++++ GIVEN INFORMATION ++++
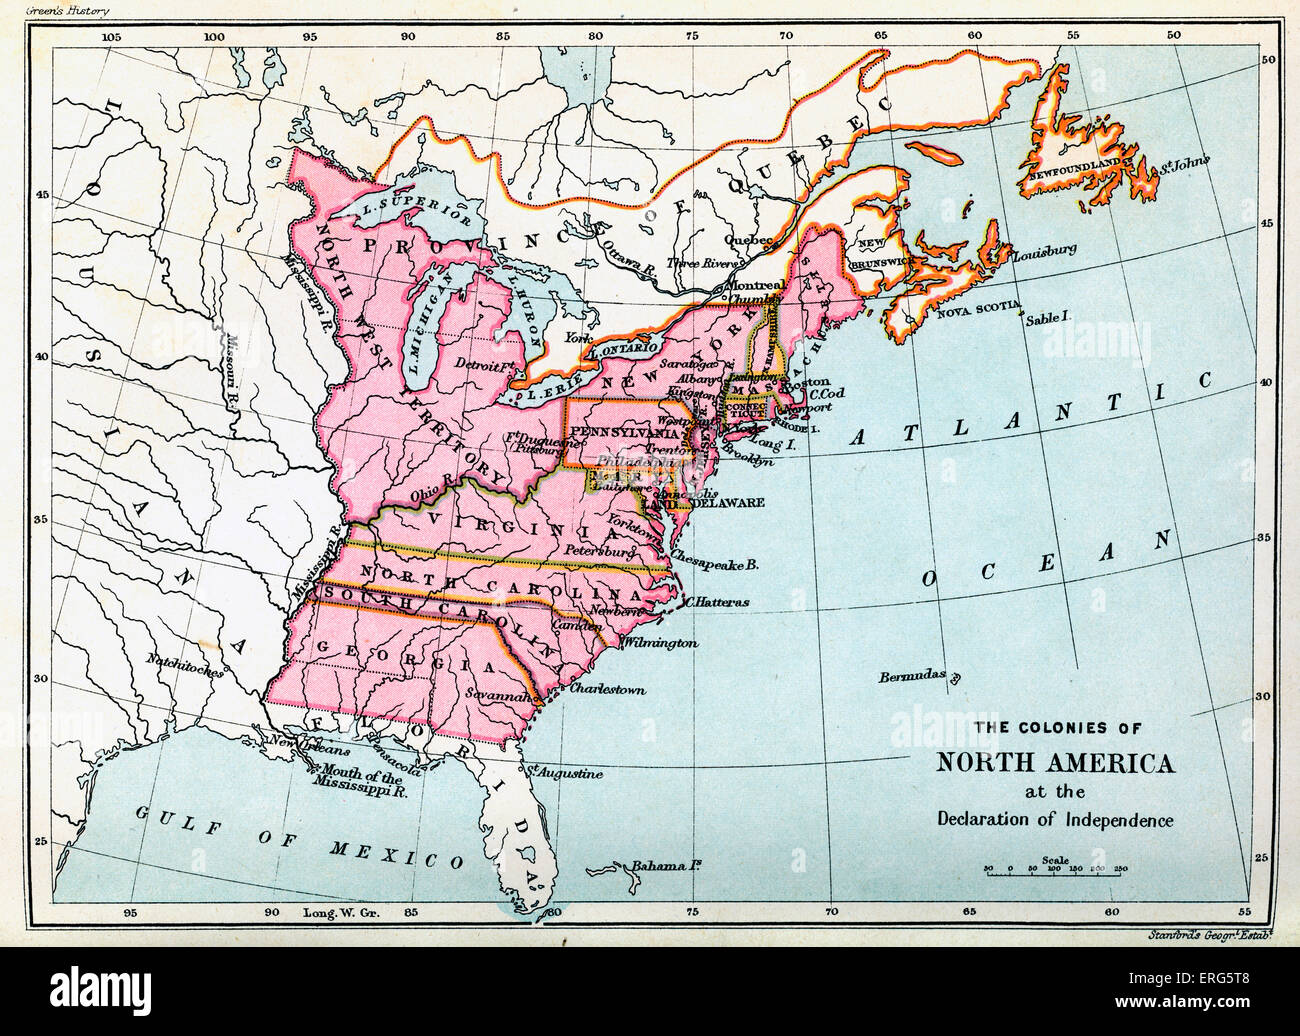 Kolonien von Nordamerika 1776 in der Unabhängigkeitserklärung der Vereinigten Staaten. Von den kontinentalen verabschiedeten Erklärung Stockfoto
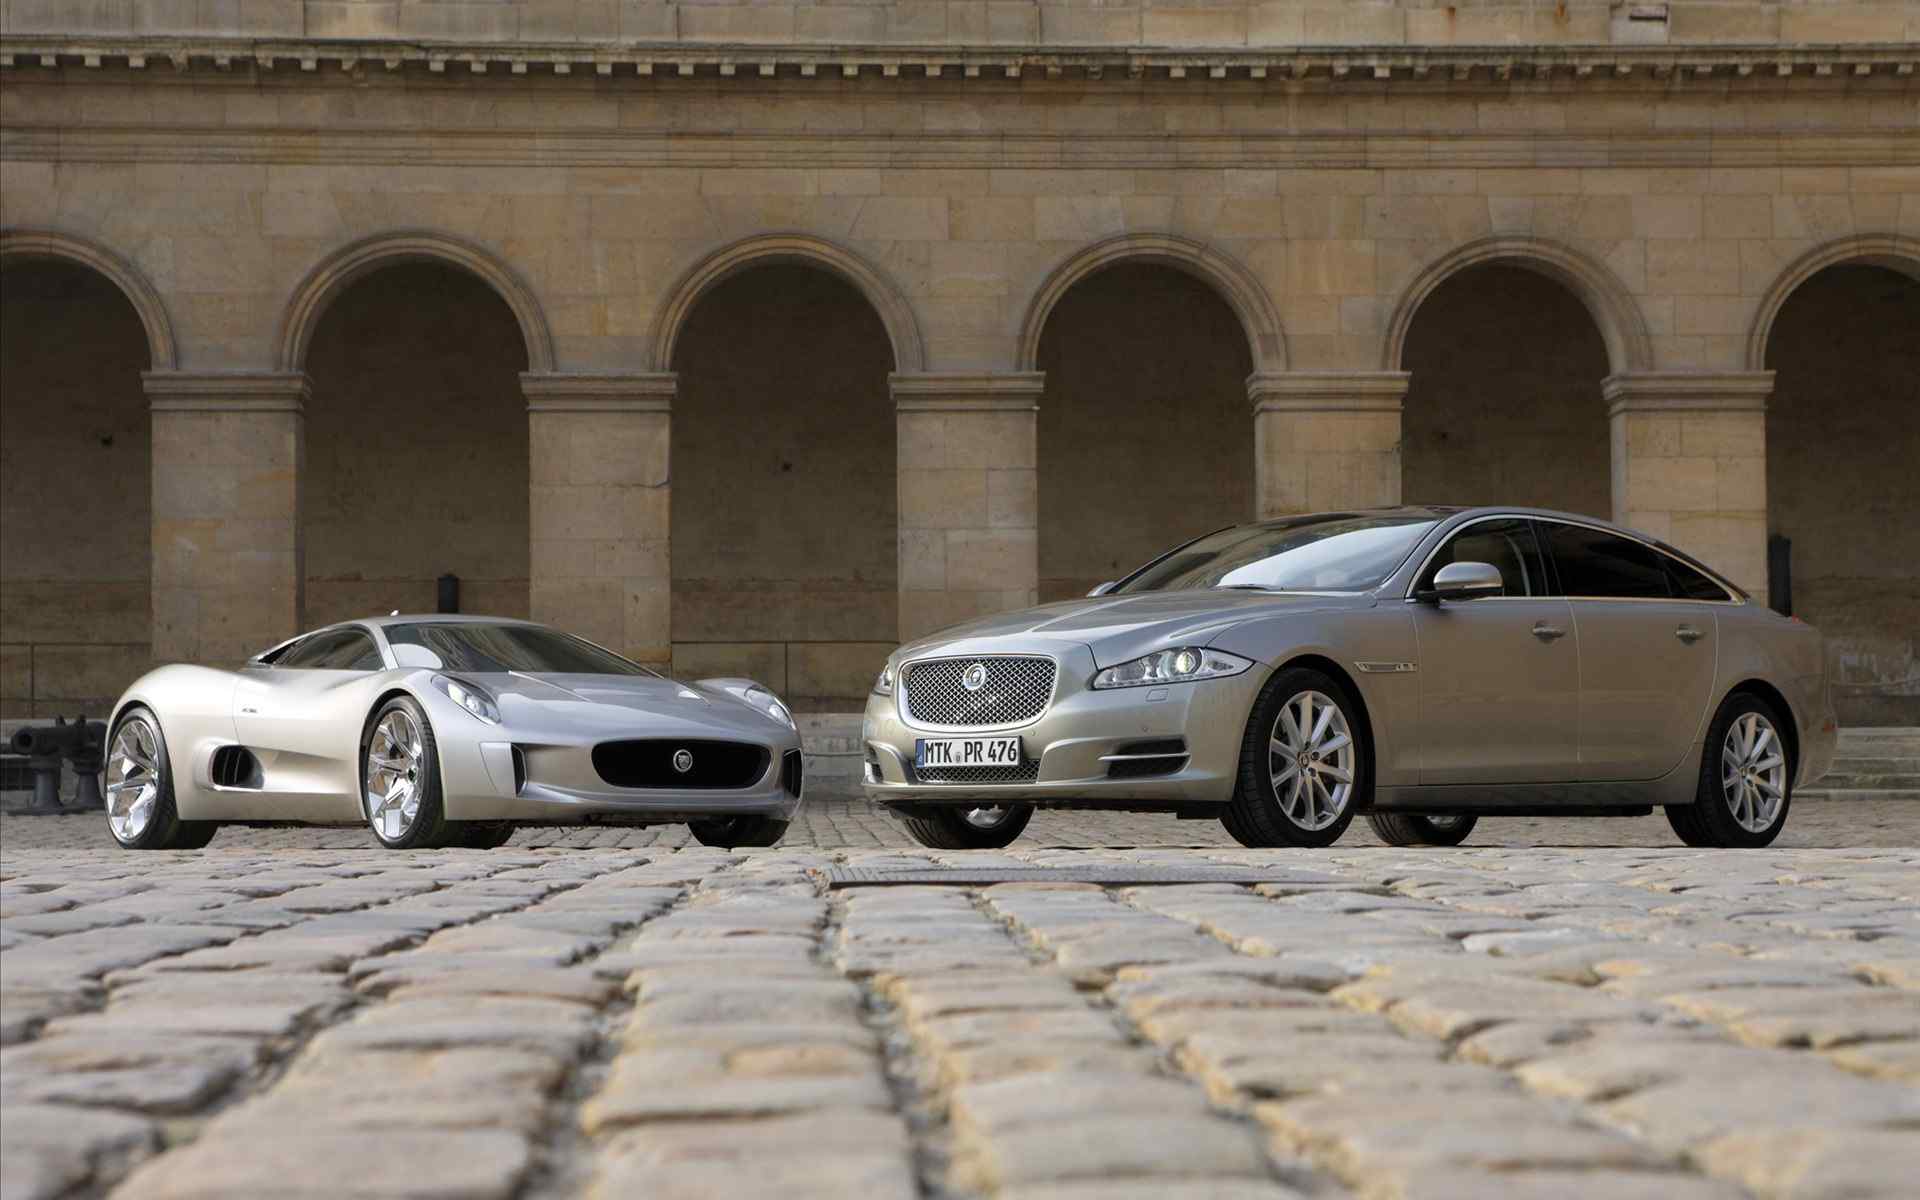 Jaguar捷豹三厢酷炫跑车汽车图片高清壁纸
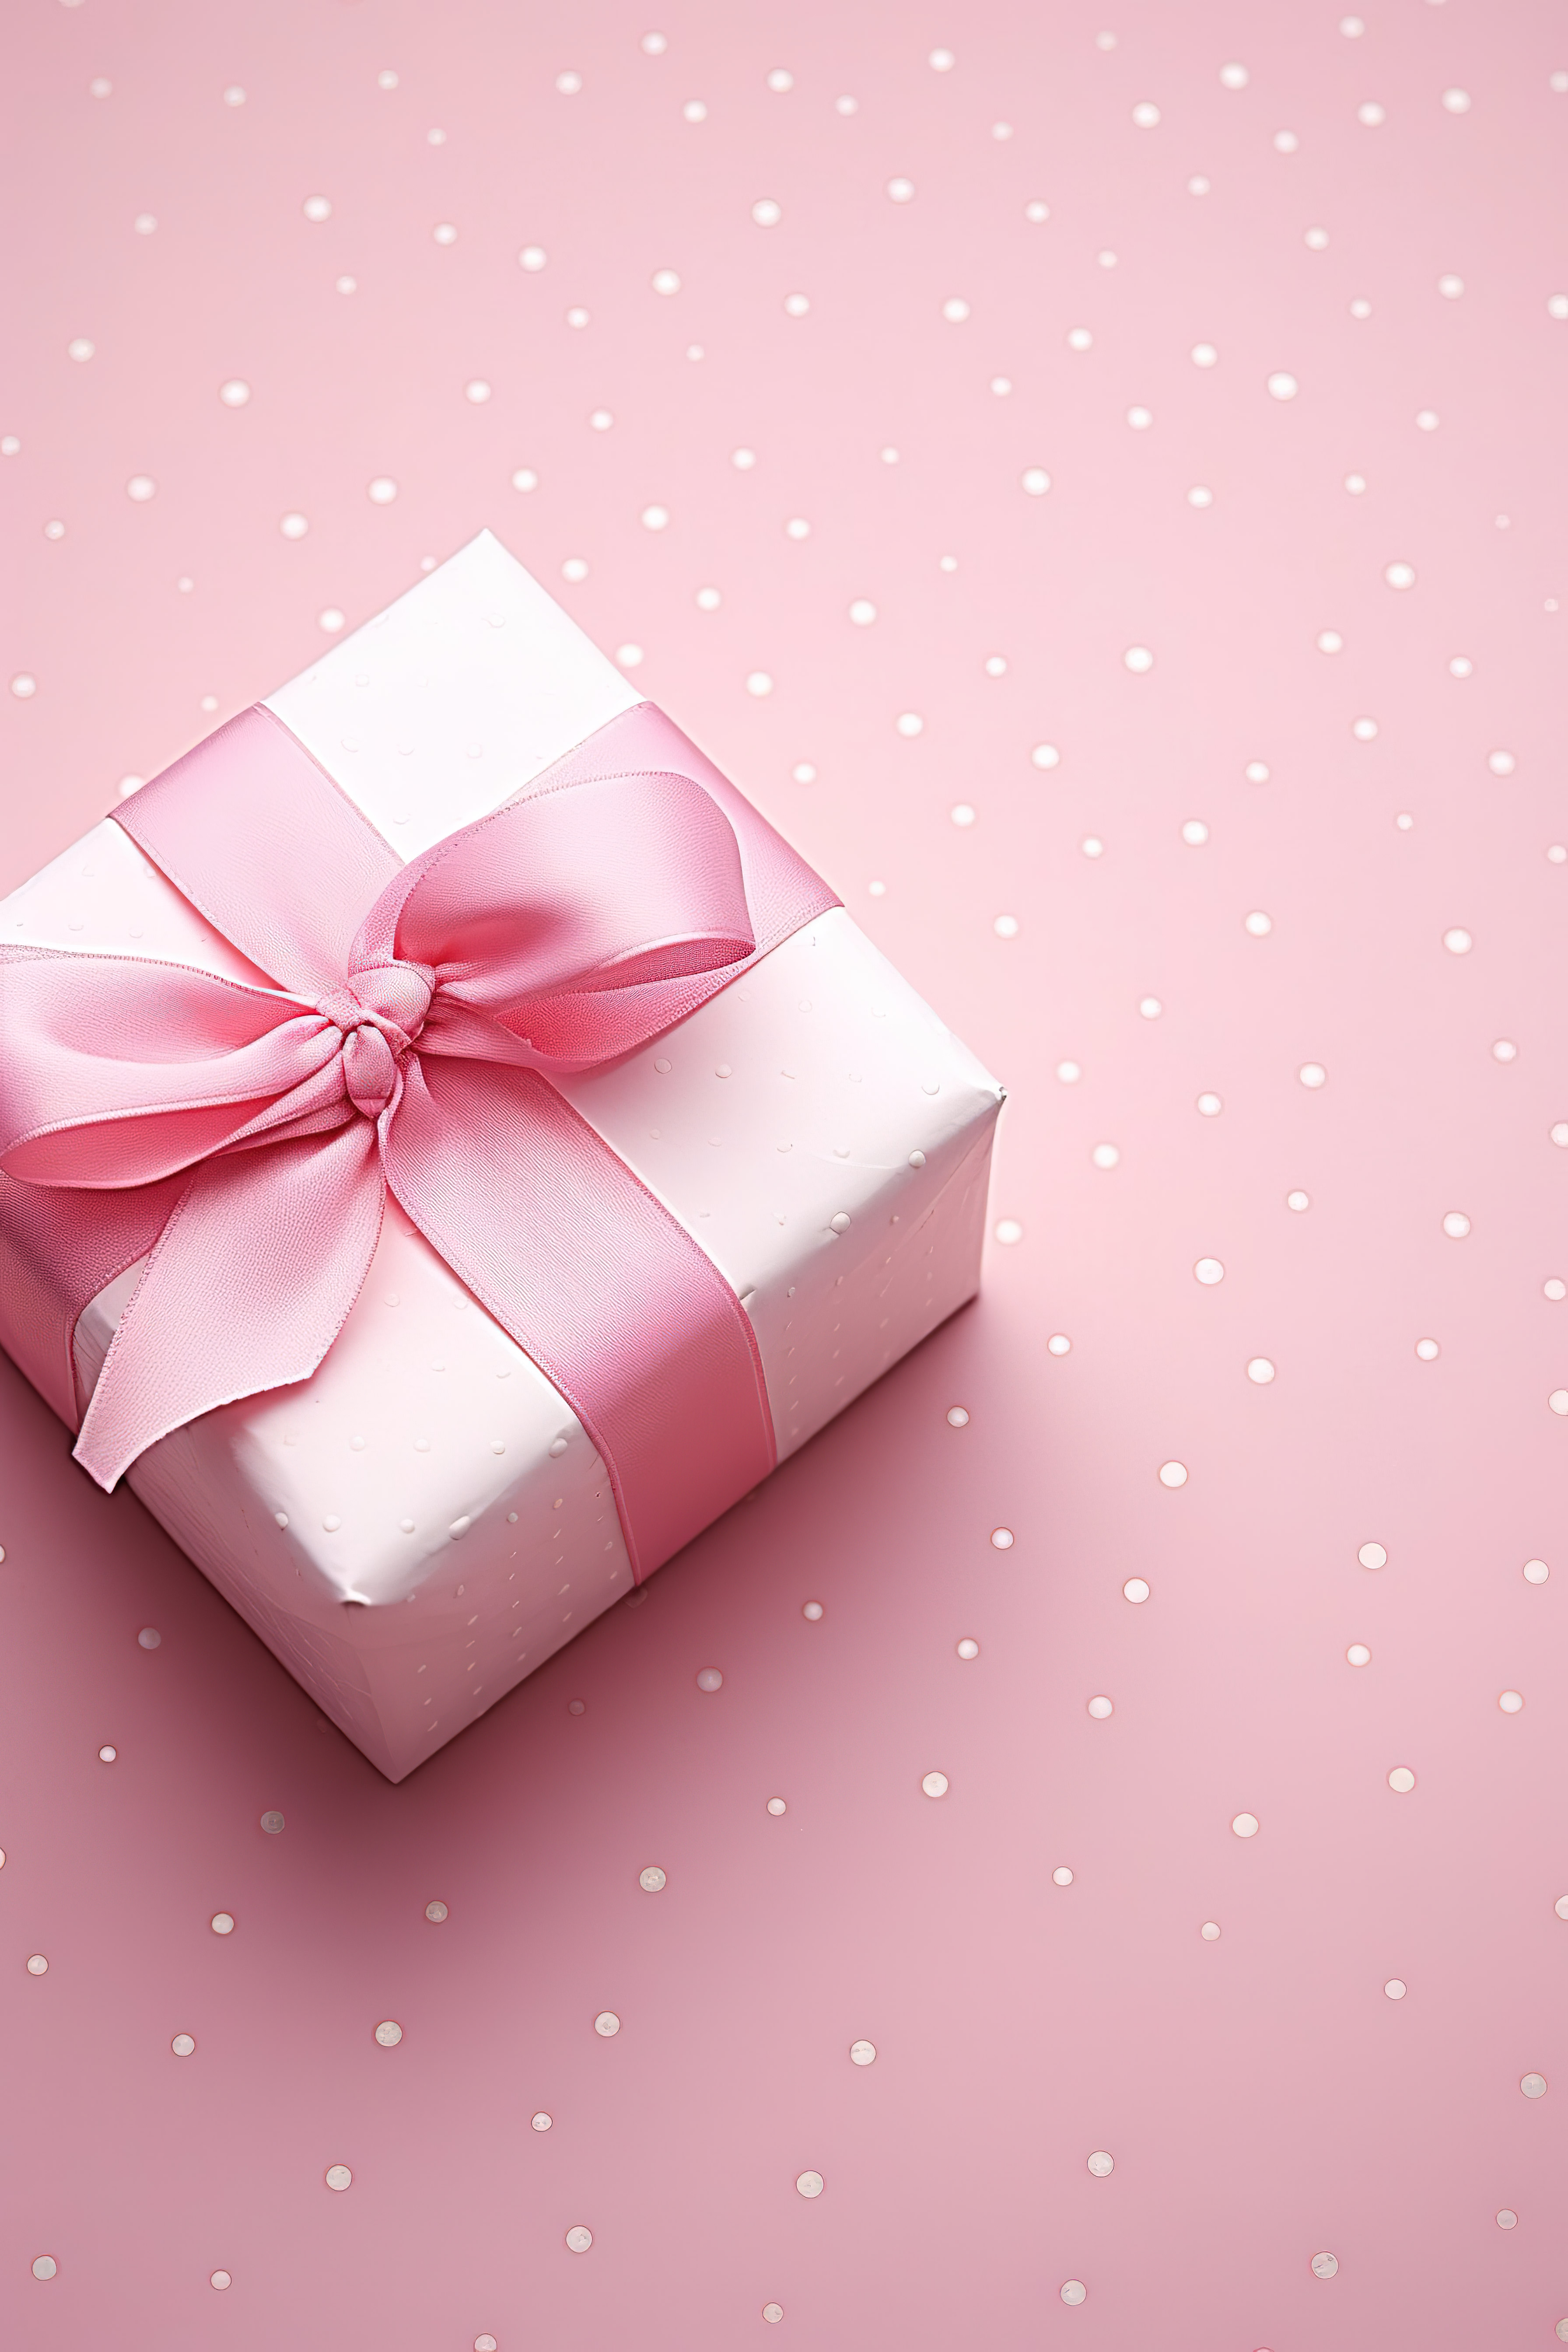 可爱的粉色礼盒和粉色心形图案图片
++++
### PROBLEM DETAILS
The data above must be written out again without alteration, and the pictures in them must be excluded.

### ANSWER SECTION
 Kolonien von Nordamerika 1776 in der Unabhängigkeitserklärung der Vereinigten Staaten. Von den kontinentalen verabschiedeten Erklärung Stockfoto
 Jaguar捷豹三厢酷炫跑车汽车图片高清壁纸
 可爱的粉色礼盒和粉色心形图案图片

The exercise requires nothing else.